Amber Khan, a senior staff attorney at National Advocates for Pregnant Women (NAPW), has helped oppose bills like this in the past, like a 2017 bill that made substance use during pregnancy civil child neglect in Kentucky and forced mothers to enroll in drug treatment within 90 days of giving birth or face termination of parental rights. Khan said these bills “are counter-intuitive and dangerous and based on misinformation. They certainly do not address a substance use disorder. If the concern is a parent’s substance use disorder, these bills create a punitive system but don’t increase funding for care.”
Finally, North Carolina’s bill also decreases the amount of time it takes to permanently separate parent and child by terminating parental rights, an act that has been dubbed the “civil death penalty.” Currently, federal legislation known as the Adoption and Safe Families Act (ASFA) requires states to file for termination of parental rights when a child has been in foster care for 15 of the past 22 months (it does not necessarily apply in situations of kinship care, when children are living with relatives). Some states have opted to shorten that time, and if HB 918 passes, North Carolina will join them. The bill will shorten the requirement to one year. It also gives foster parents the same rights as relatives, allowing them to petition for custody after only nine months.
“People don’t understand substance use,” said Louise Vincent, the executive director of the North Carolina Urban Survivor’s Union. “I find bills like this really manipulative…You start talking about pregnant women using drugs and people lose their mind. People don’t understand that love doesn’t cure addiction.”
Compounding all of this is the fact that these issues will not be faced by all populations equally. In North Carolina, for example, Black children comprise 33 percent of the foster care population, but only 23 percent of the state’s total population. This law would give the system further leeway to discriminate by race and class, issues already embedded into the child welfare system.
“We know that poor women and women of color are more likely to be suspected of drug use, so they’re more likely to be screened and more likely to be reported,” said Peeler. “The bill is really worrying partially because everyone really values trusting and confidentiality with their doctors and it wouldn’t afford that to people who can get pregnant.”
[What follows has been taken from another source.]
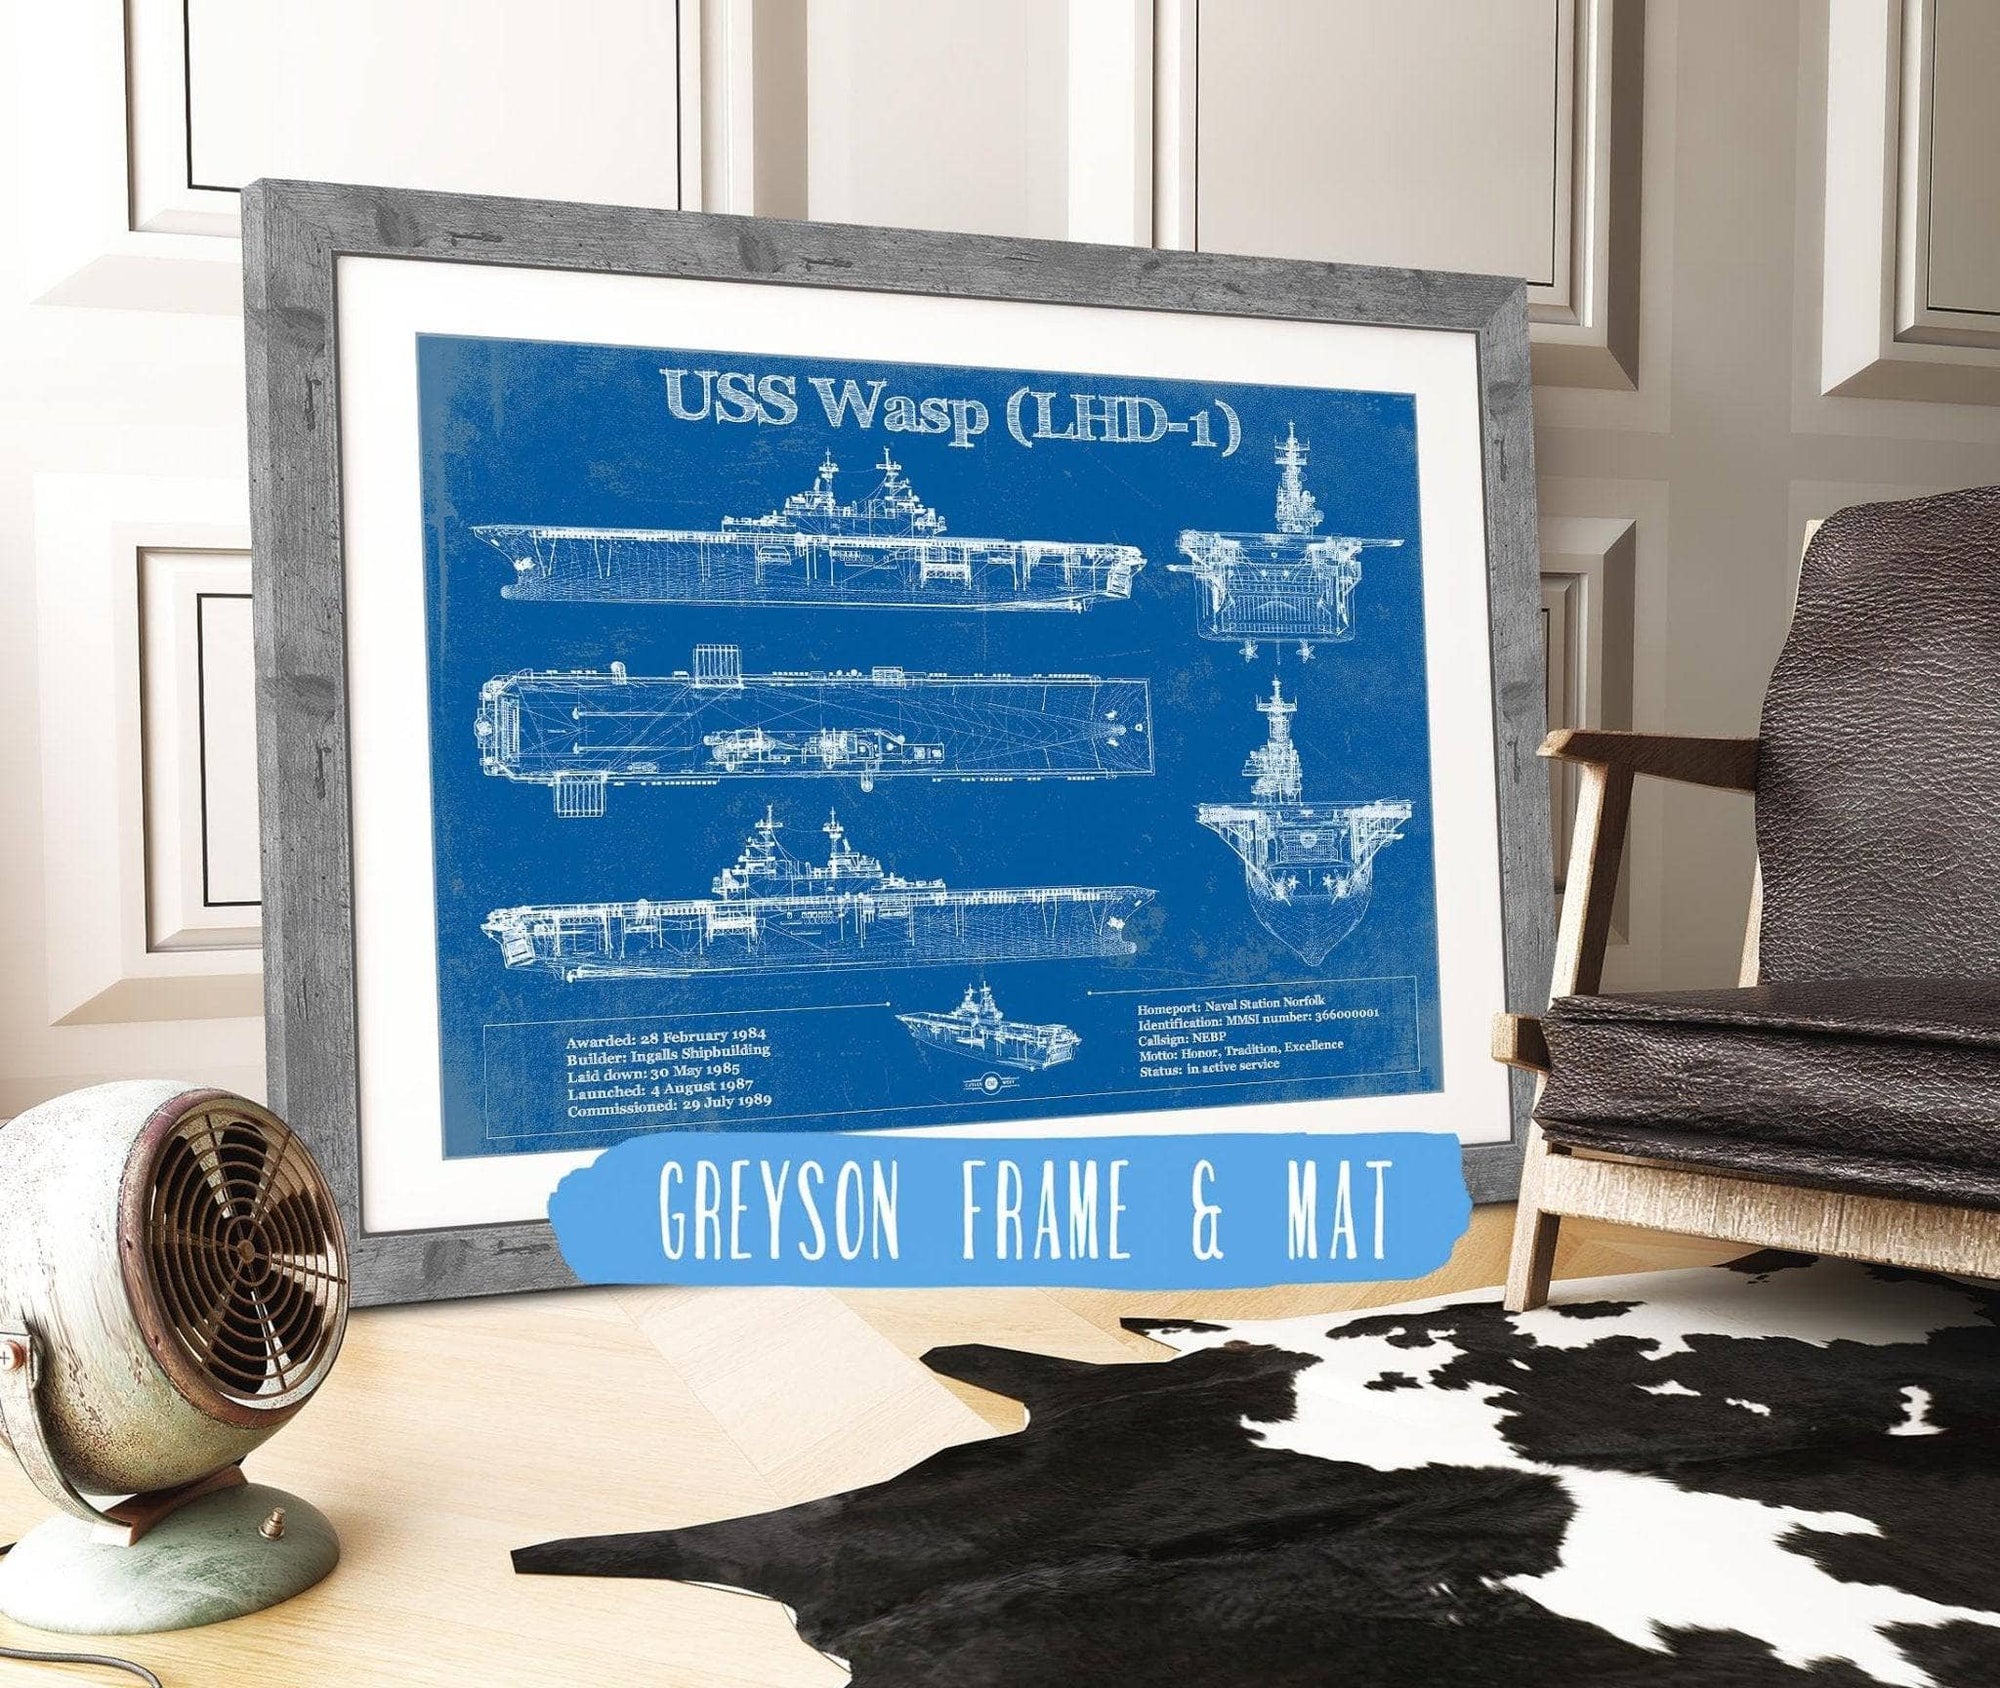 Cutler West Naval Military 14" x 11" / Greyson Frame & Mat USS Wasp (LHD-1) Aircraft Carrier Blueprint Original Military Wall Art - Customizable 933311001_27708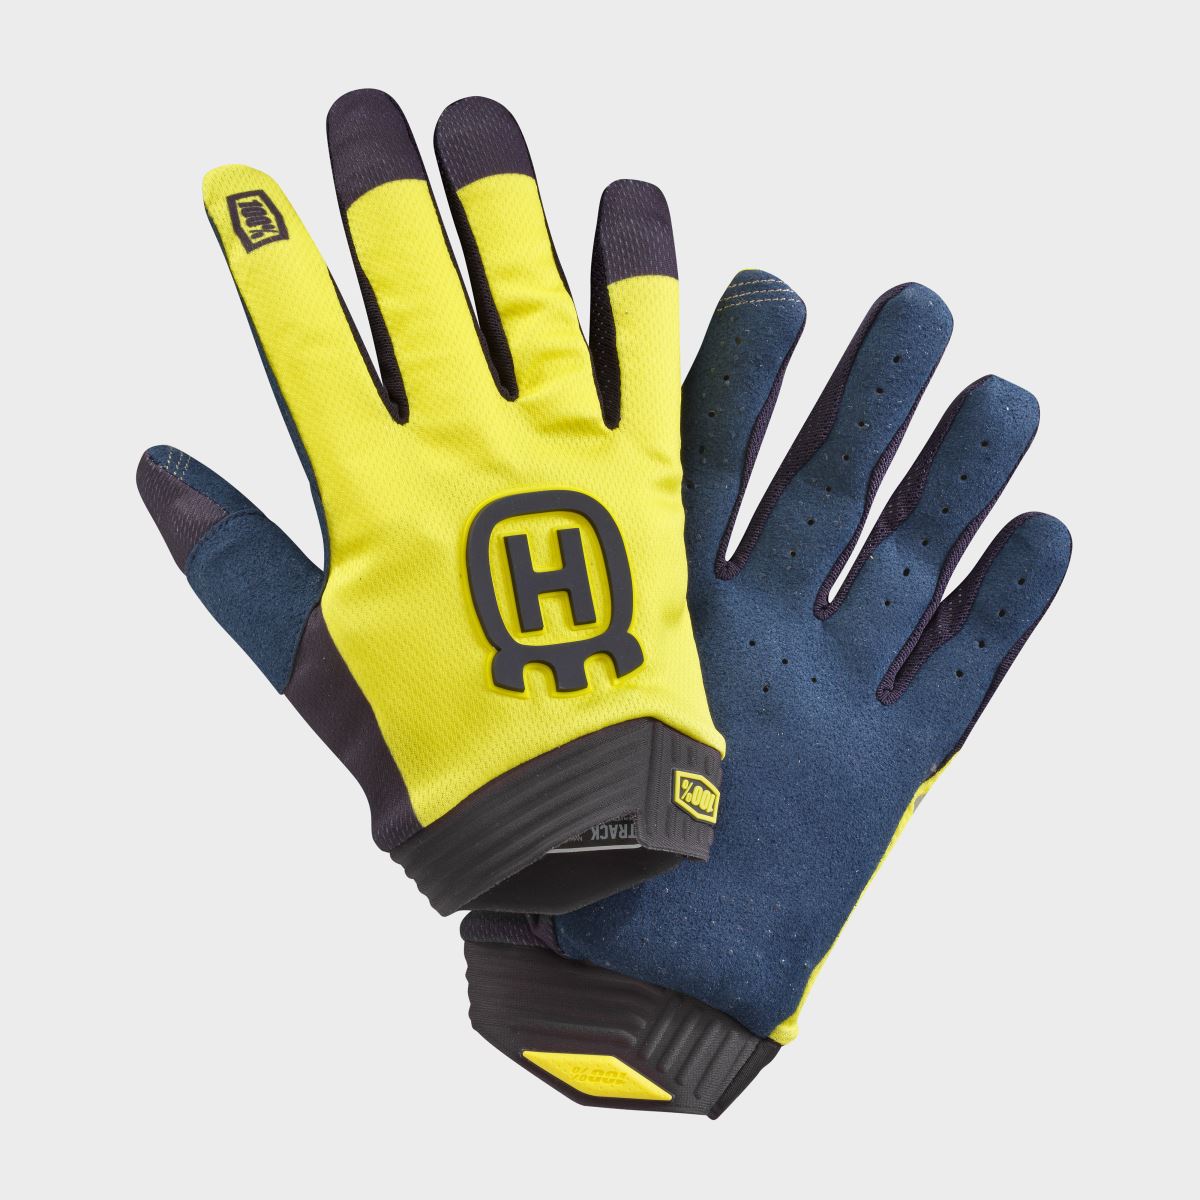 iTrack Railed Gloves

When legislation perpetuates the idea that addiction can be a chronic relapsing medical condition up until the point of pregnancy — when it becomes a moral failing and representative of a lack of appropriate maternal love — it fails to protect the community, which should be the basic function of the law. HB 918 and other similar laws defy science in favor of stigma and move the government one step closer to repealing reproductive agency in the United States. And, of course, it creates a new avenue for punishing drug users even while the criminal justice system finally, albeit slowly, begins to recognize that punitive measures are ineffective against addiction.
“This is certainly another part of the business as usual for the drug war,” emphasized Vincent.